One of the great joys of life is bookgiving: to know a book that someone else would really like, to find that book, and then to give it to him or her.

I practiced this art formally as a teacher for twelve years and as a bookseller for twelve additional years, but it has been a very great pleasure in the rest of my life.  It involves putting yourself in the other's place and seeing from that standpoint, knowing a wide range of books, and being able to pick out just the right one. That is to say, it's an act of love.
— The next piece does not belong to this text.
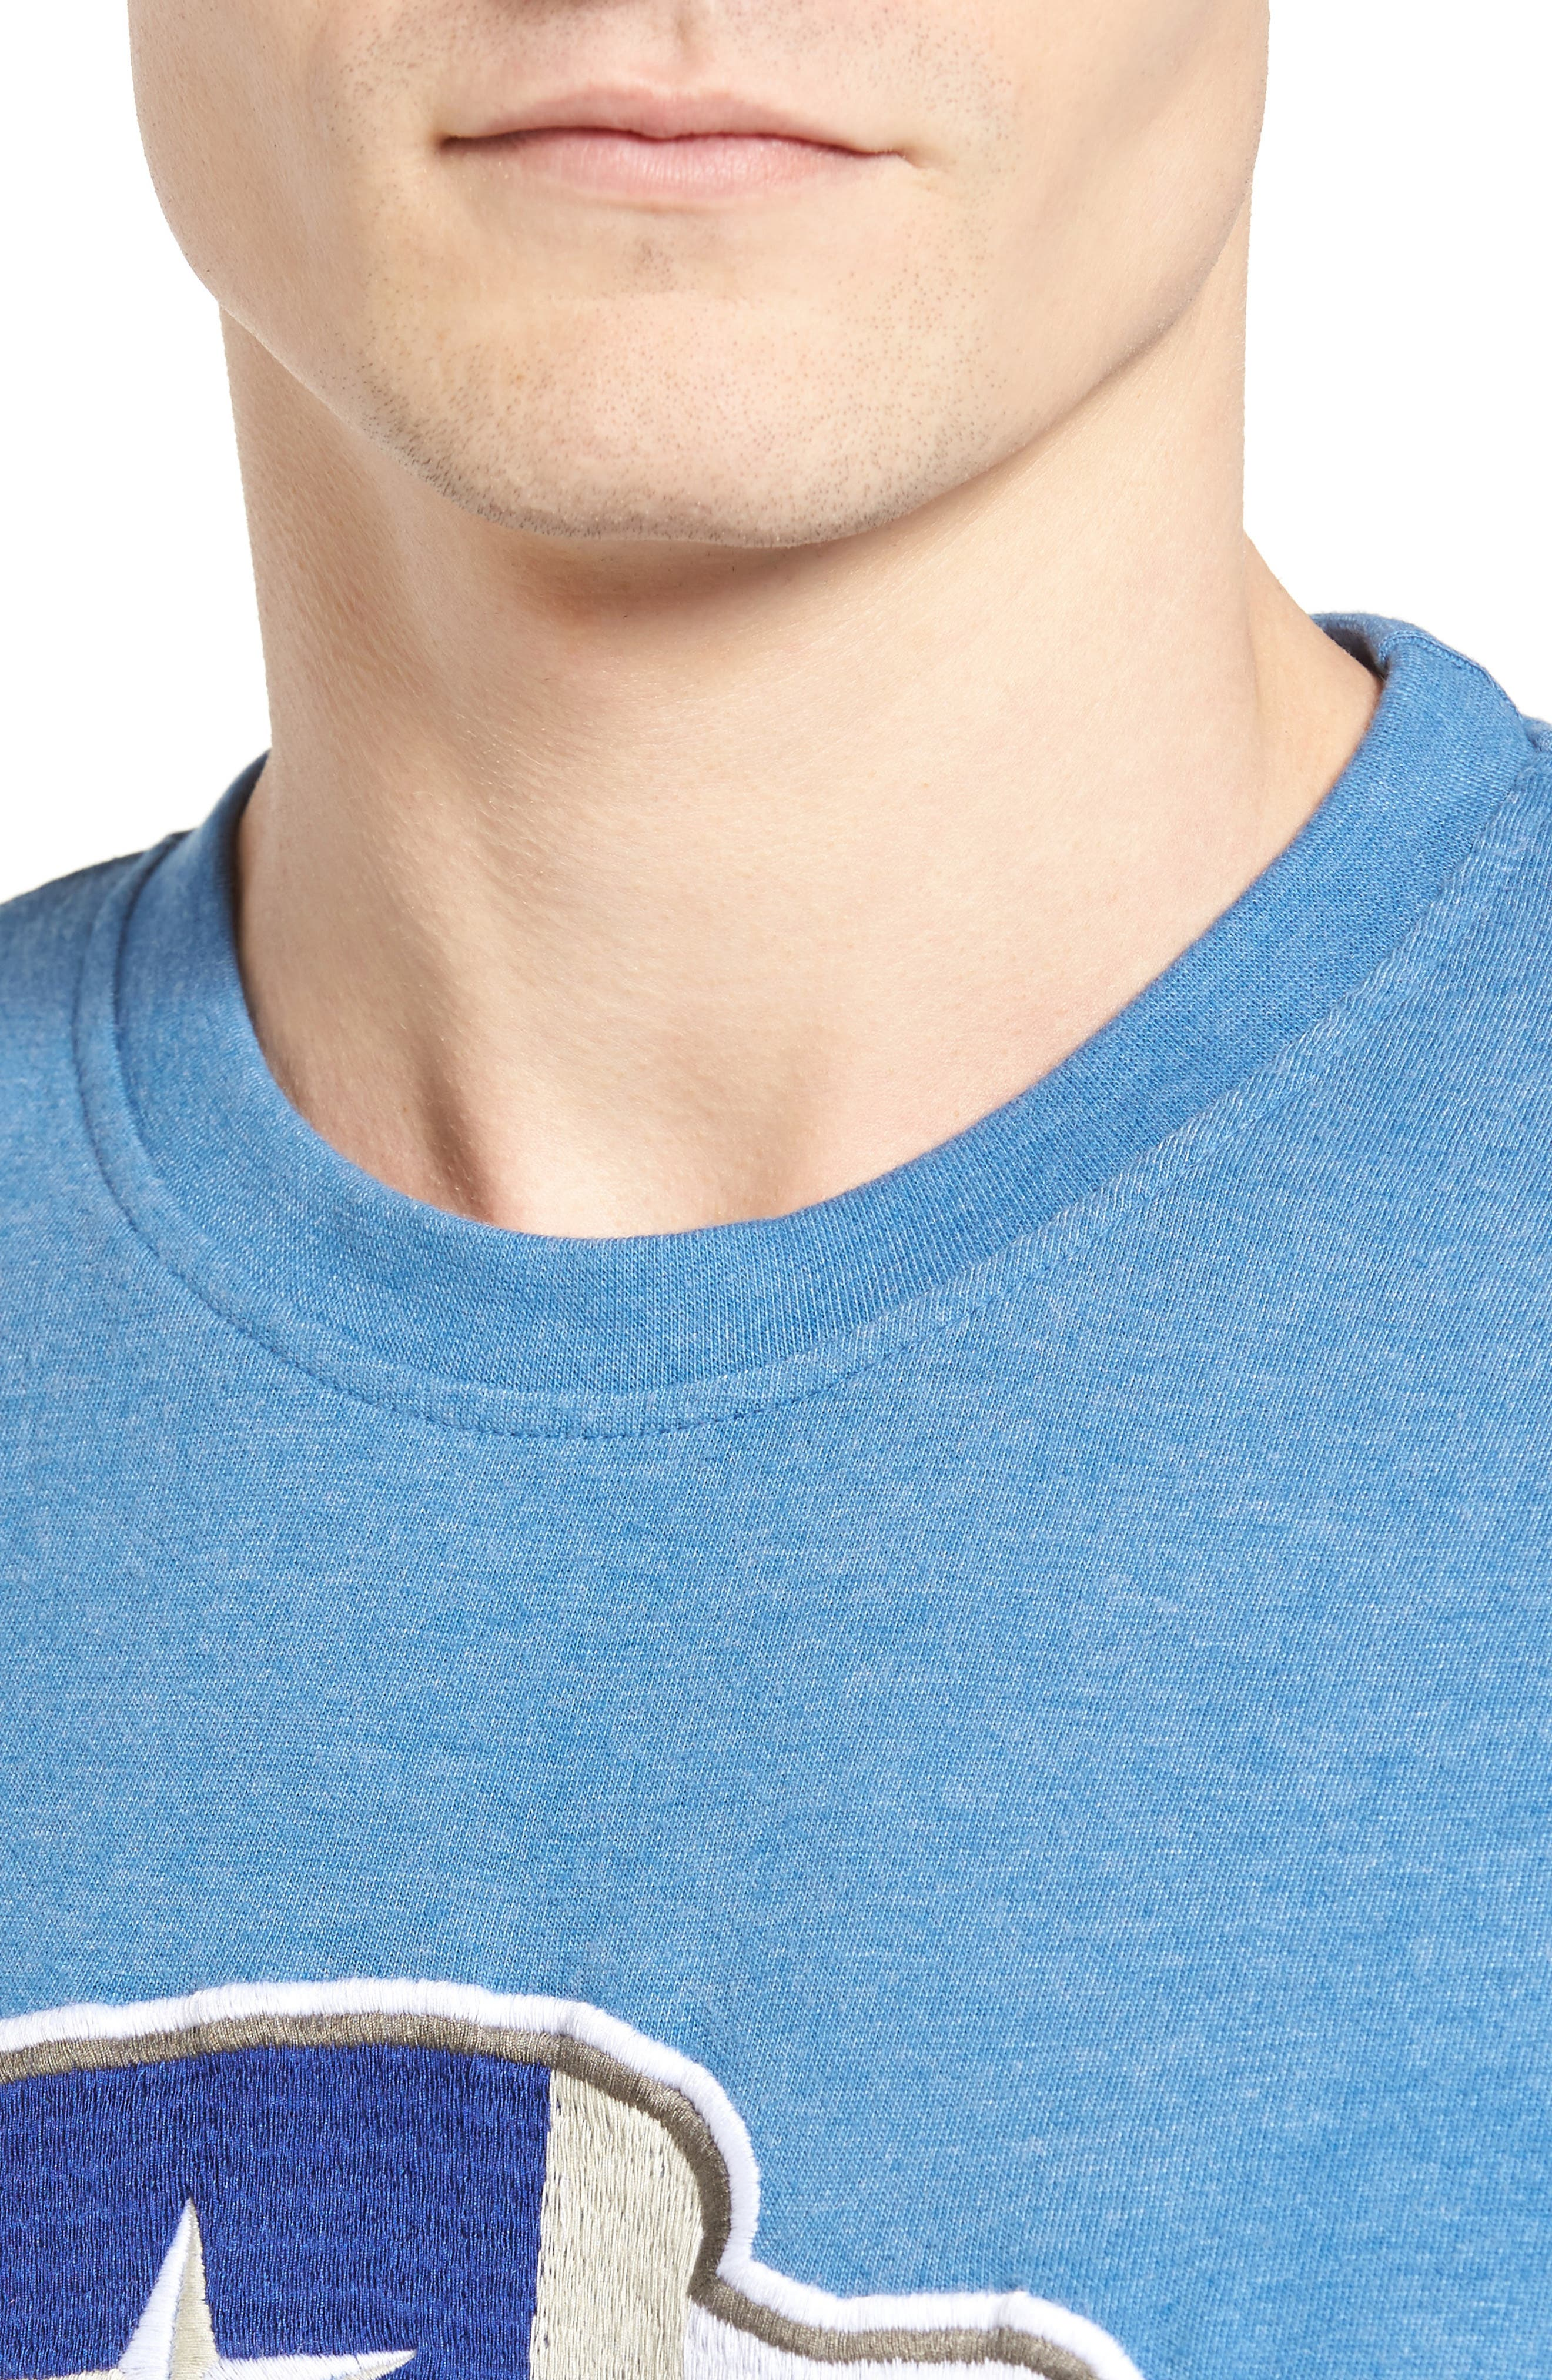 Hillwood Texas Rangers T-Shirt,                             Alternate thumbnail 4, color,                             450

Here is an excellent children's librarian, Anne Thaxter Eaton, writing in her book, “Reading with Children,” 1940, on bringing children and books together:
 


It's not a simple task. It means knowing children and knowing books so thoroughly that we may help the dreamer see the wonder and romance of the world around him, and the matter of fact child to enter the realm of imaginative literature...we must have retained or we must recapture for ourselves something of the child's own attitude toward life and the world.


There seems to be a lot of luck involved sometimes, too, in the giving of just the right book and, dare I say it, possibly even promptings from the angels or guardian spirits or something like that. My own experience is that the recipient rarely realizes fully all that goes behind your giving of the right book.
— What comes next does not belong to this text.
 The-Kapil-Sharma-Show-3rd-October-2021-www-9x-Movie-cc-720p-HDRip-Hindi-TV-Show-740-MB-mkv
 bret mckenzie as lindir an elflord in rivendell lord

If  good bookgiving is similar to good teaching, as I think it obviously is, this fact surely makes “standards in education,” test scores, grade-point averages – I have seen grade-point averages carried out to five decimal places – completely counterproductive. Teacher evaluations which are based on student scores on standardized tests become the demons' own handiwork, the very opposite of a good measure of true teaching. If standardized tests measure anything, they measure lack of individuation! And, of course, un-individuated recipients of books and teaching think that standardized stuff is what real education is all about, and evaluate their teachers accordingly.

It's not a simple task, as Eaton says, but it certainly is a joyful thing when you are allowed to do it and you get it right.